Select Publications:
Assyrians in Modern Iraq: Negotiating Political and Cultural Space. Forthcoming from Cambridge UP.
Editor, “Narratives of Co-existence and Pluralism in Northern Iraq.” Special Issue, for the Journal of Contemporary Iraq and the Arab World 14, no. 1-2 (June 2020).
Editor, “Pluralism and Minoritization in the Middle East.” Roundtable, International Journal of Middle East Studies 50, no. 4. (November 2018).
“Assyrians and the Iraqi Communist Party: Revolution, Urbanization, and the Quest for Equality,” in Minorities and the Modern Arab World: New Perspectives, ed.
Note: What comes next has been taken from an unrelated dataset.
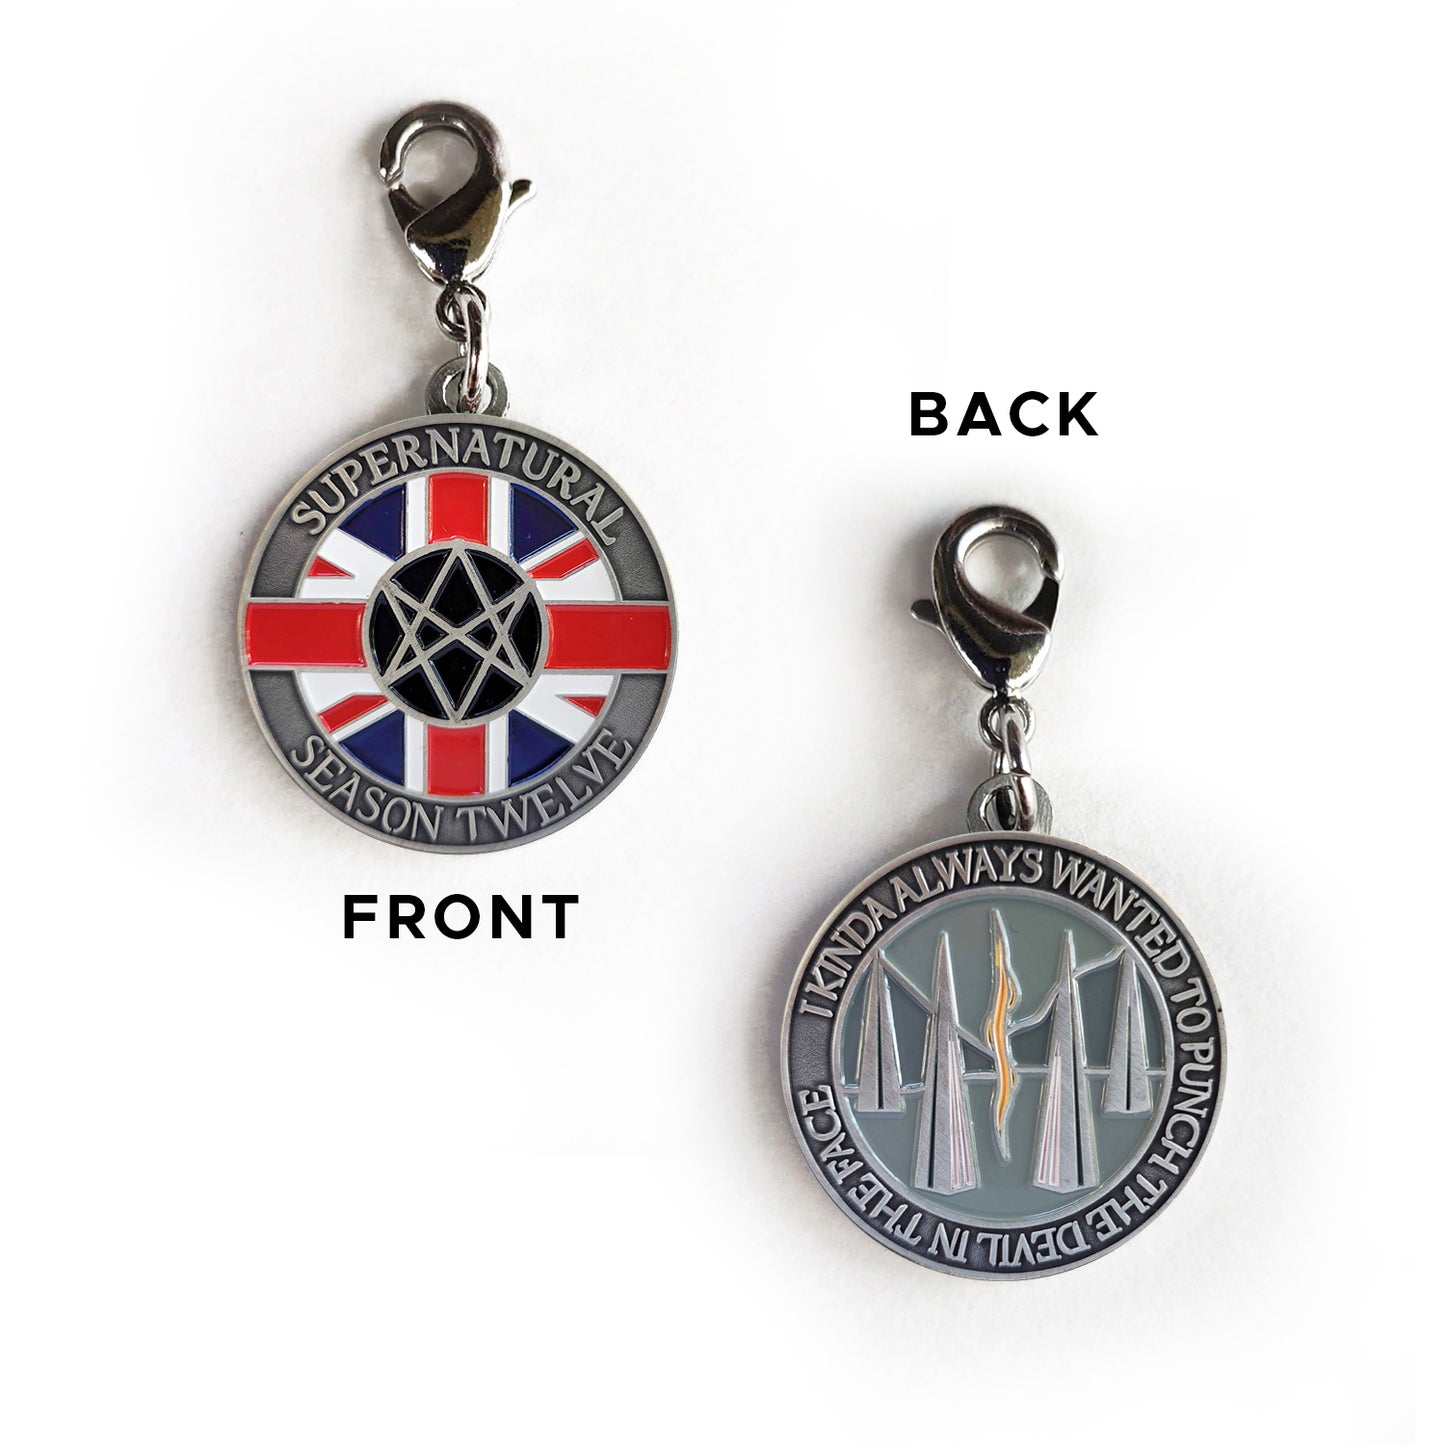 Load image into Gallery viewer, A front and back image of a brass charm. On the front are raised letters around the edge saying “Supernatural season Twelve.” In the middle is a red, white, and blue Union Jack flag, with a Men Of Letters symbol at the center. On the back of the coin are raised letters around the edge saying “I kinda always wanted to punch the devil in the face.” In the middle is are tall triangles rising from a grey background, with a read and yellow line down the center.

Laura Robson (Syracuse University Press, 2016): 106-121.
“Writing a Minority’s History of Iraq.” Arab Studies Journal 23, no. 1: 241-243 (2015).
“Minorities and the Kurdish Referendum.” Center for Middle Eastern Studies Comments, University of Chicago –https://cmes.uchicago.edu/page/cmes-comments (September 29, 2017).
“Research at the Iraqi National Library and Archives.” The American Academic Research Institute in Iraq no. 7-1 (Spring 2012): 13-14.